Overview

This package is designed to build sequences of bits for any setting where large amounts of non-complex data have to be stored in an efficient way. This can also be useful when documenting the metadata of any tabular dataset by collecting information throughout the dataset creation process. The resulting data structure is referred to as a “bit field”, which can be stored as a sequence of 0s and 1s, or as an integer, reducing the size of the contained information drastically. This is commonly used in MODIS dataproducts to document layer quality.

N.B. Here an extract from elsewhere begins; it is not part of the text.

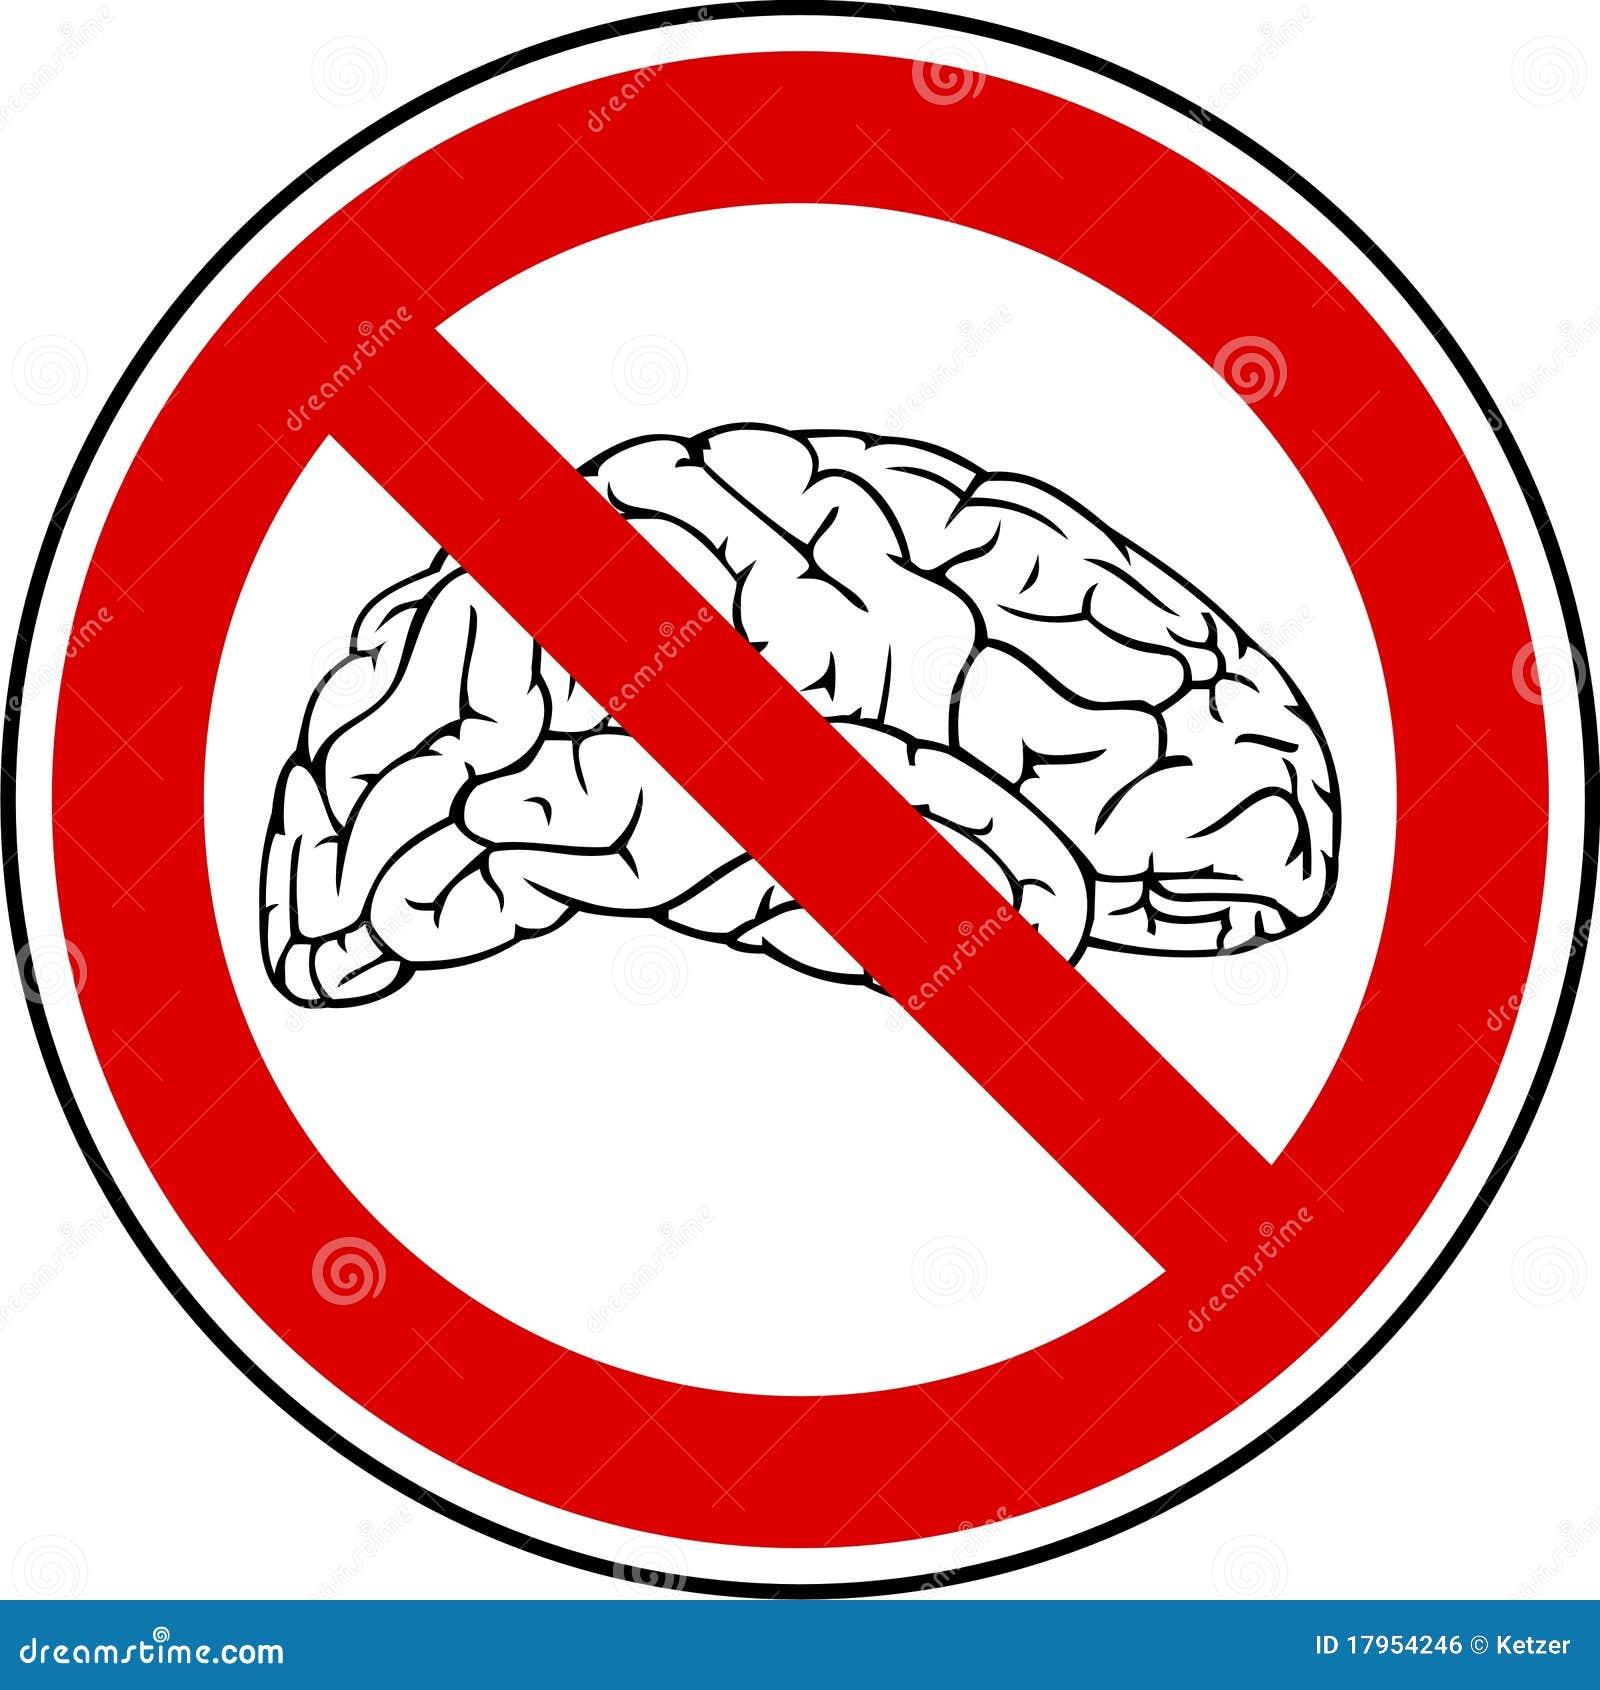 No Brain - No Pain Royalty Free Stock Image - Image: 17954246

Think of a bit as a switch representing off and on states. A combination of a pair of bits can store four states, and n bits can accommodate 2^n states. In R, integers are typically 32-bit values, allowing a single integer to store 32 switches (called flags here) and 2^32 states. These states could be the outcomes of functions returning boolean values (each using one bit) or functions returning a small set of cases (using the corresponding number of bits).

In essence, bitfield allows you to capture a diverse range of information into a single value, like a column in a table or a raster layer accompanying a modelled gridded dataset. This is beneficial not only for reporting quality metrics, provenance, or other metadata but also for simplifying the reuse of complex ancillary data in (semi) automated script-based workflows.

Installation

Install the official version from CRAN:

# install.packages("bitfield")

Install the latest development version from github:

devtools::install_github("luckinet/bitfield")

Examples

library(bitfield)

library(dplyr, warn.conflicts = FALSE); library(CoordinateCleaner); library(stringr)

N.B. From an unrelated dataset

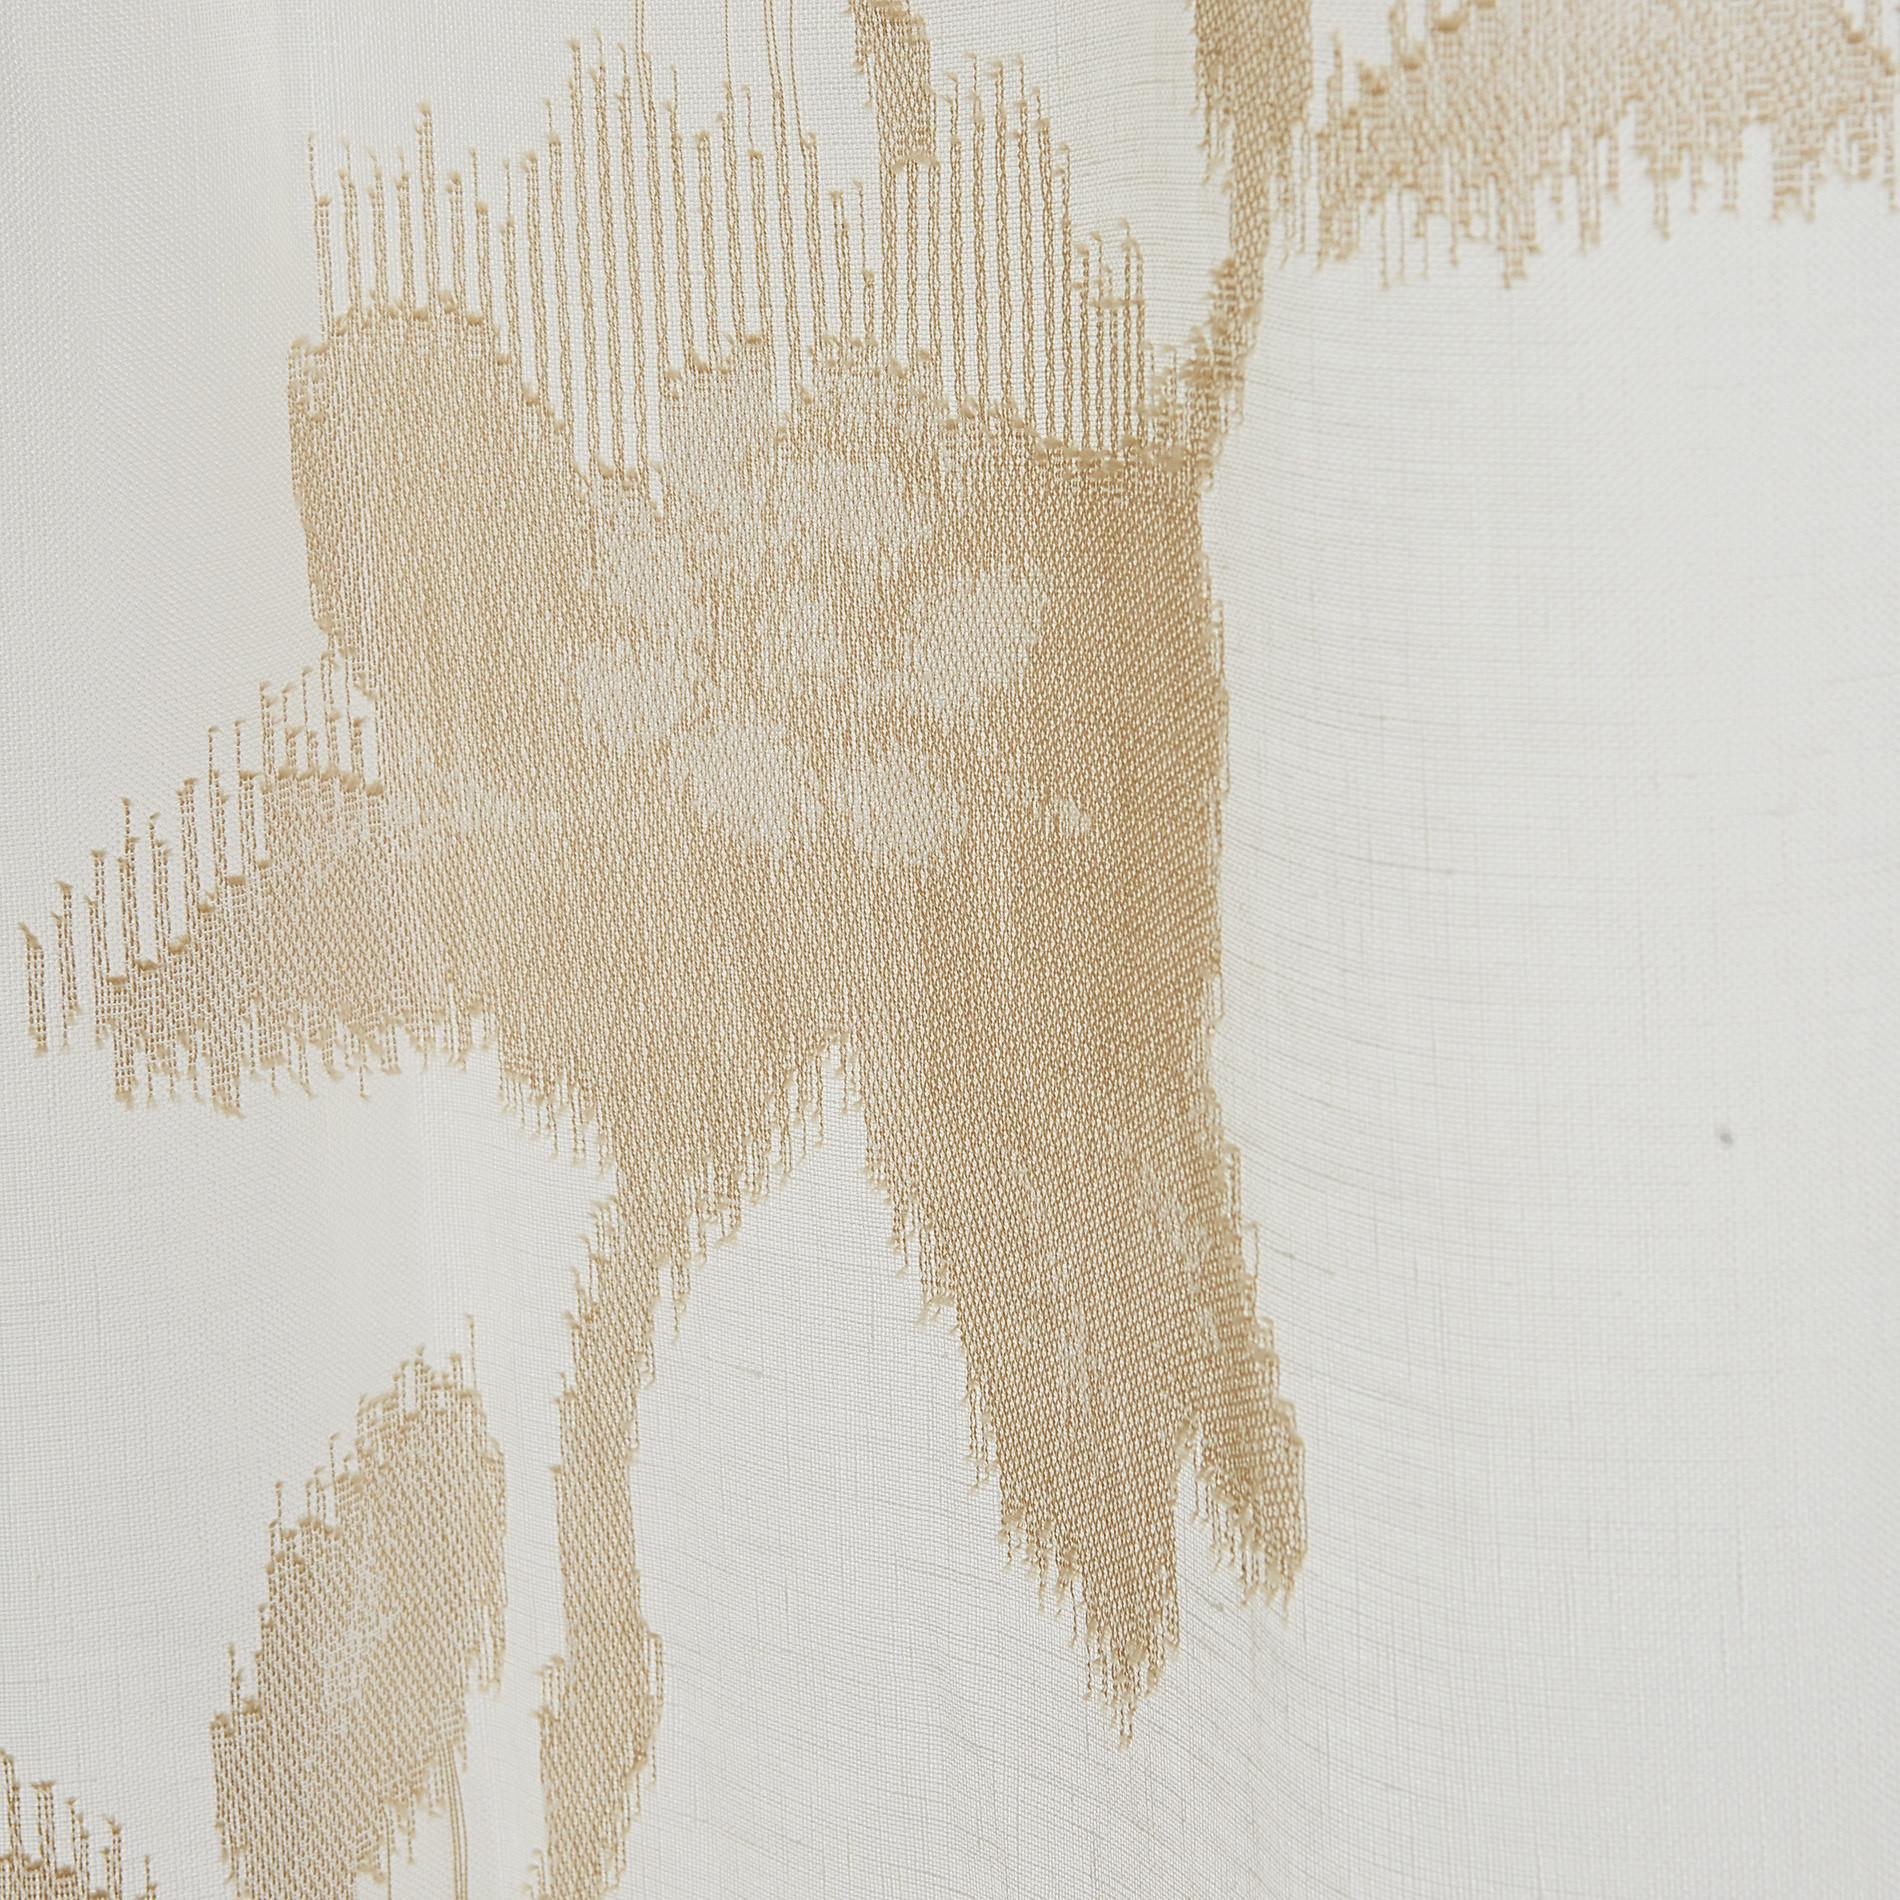 Tenda puro lino ricami floreali, Bianco/Oro, large image number 3

Let’s first build an example dataset

input <- tibble(x = sample(seq(23.3, 28.1, 0.1), 10),
                y = sample(seq(57.5, 59.6, 0.1), 10),
                commodity = rep(c("soybean", "maize"), 5),
                yield = rnorm(10, mean = 10, sd = 2),
                year = rep(2021, 10))

validComm <- c("soybean", "maize")

And make it have some non-ordinary values

input$x[5] <- 259
input$x[9] <- 0
# input$x[10] <- "23.546"
input$y[10] <- NA_real_
input$y[9] <- 0
input$commodity[c(3, 5)] <- c(NA_character_, "honey")
input$year[c(2:3)] <- c(NA, "2021r")

kable(input)

x	y	commodity	yield	year
24.1	59.4	soybean	10.109169	2021
24.0	58.8	maize	10.617382	NA
27.3	58.4	NA	9.268043	2021r
26.8	58.1	maize	8.948955	2021
259.0	57.9	honey	9.859947	2021
23.7	59.1	maize	6.318179	2021
24.2	58.7	soybean	11.860984	2021
25.1	59.0	maize	11.278150	2021
0.0	0.0	soybean	9.949784	2021
24.7	NA	maize	9.670879	2021

The first step is in creating what is called registry in bitfield. This registry captures all the information required to build the bitfield

newRegistry <- bf_create(width = 12, length = dim(input)[1])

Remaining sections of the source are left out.